The WSJ article went on to note that the aim of this rule aimed at citizens living abroad had originally been intended "to prevent wealthy people ducking their military and civic obligations by fleeing the U.S. in its time of crisis", but that it was expanded in 1864, "to include income from all sources, no matter where [it was] generated.
"Scholars say this happened as the proud sense of being a citizen of the U.S. – with all its opportunities and obligations – first flowered out of the battlefields.
"That model of citizenship-based taxation has remained in the U.S. law ever since, even as the rest of the world has gravitated to a different model, one that simply considers where the taxpayer is living at the moment."

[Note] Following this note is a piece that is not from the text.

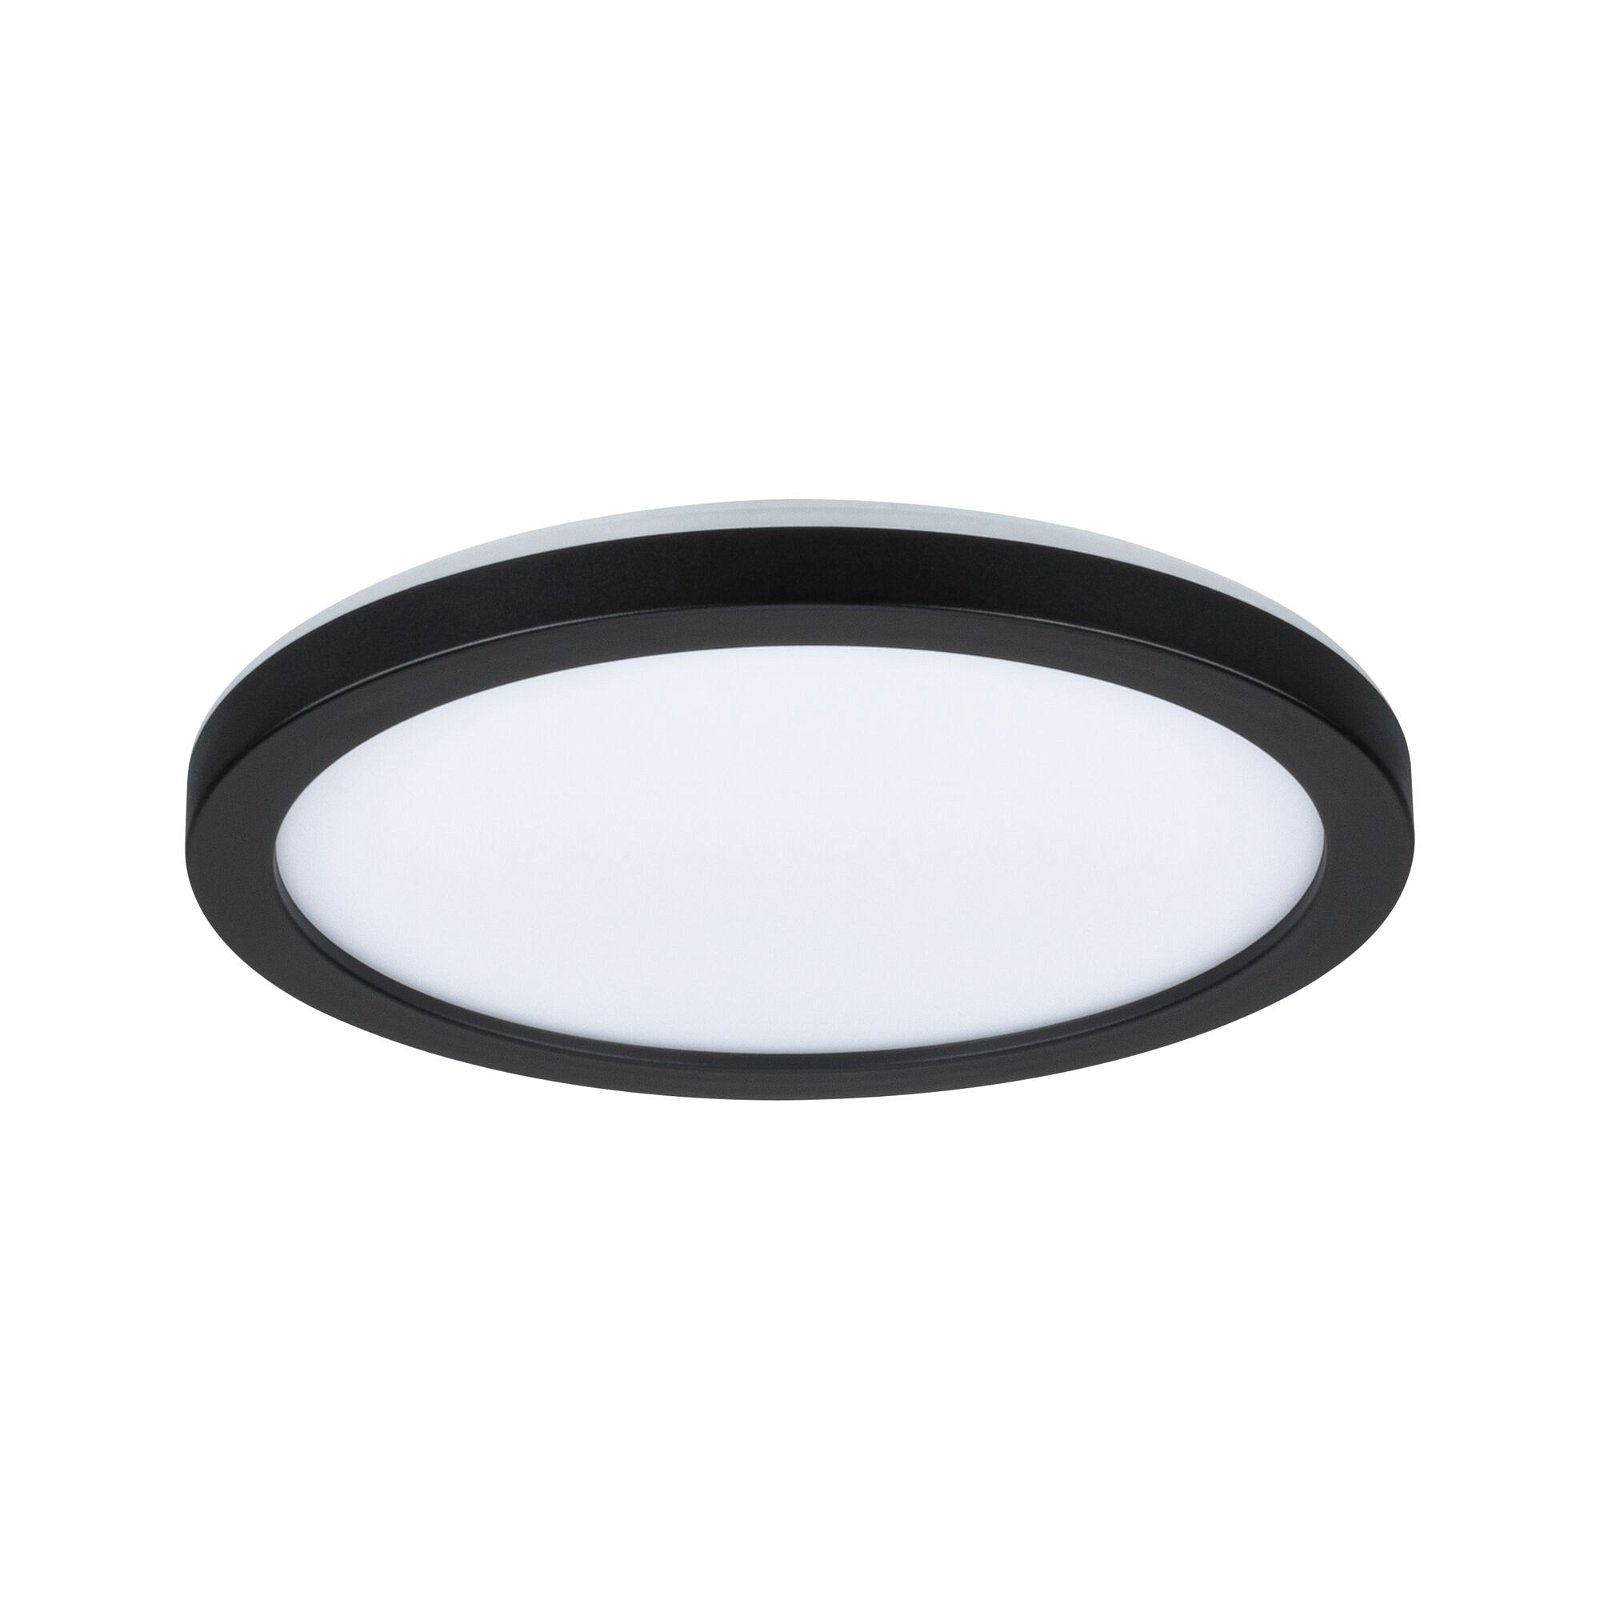 LED Panel Atria Shine Backlight round 190mm 11,2W 850lm 3000K Black

For today's U.S. expats, America's citizenship-based regime only began to become a major problem after the Foreign Account Tax Compliance Act came into force in 2010. This law obliged non-U.S. financial institutions to report to the U.S. on all of their American account-holders, which meant that, for the first time, the U.S. authorities knew about all the Americans who were resident outside of the U.S. (as well as those in the U.S. who had non-U.S. financial accounts, the identification of which had been the original purpose of FATCA).
Expatriate advocacy organizations such as the American Citizens Abroad, as well as the Republicans Overseas and Democrats Abroad, have tried to persuade Congress to move the U.S. to a residence-base tax regime, like most of the rest of the world – with the exception of Eritrea – has, but as Rubin notes above, the idea has yet to find enough supporters in Congress to make any progress.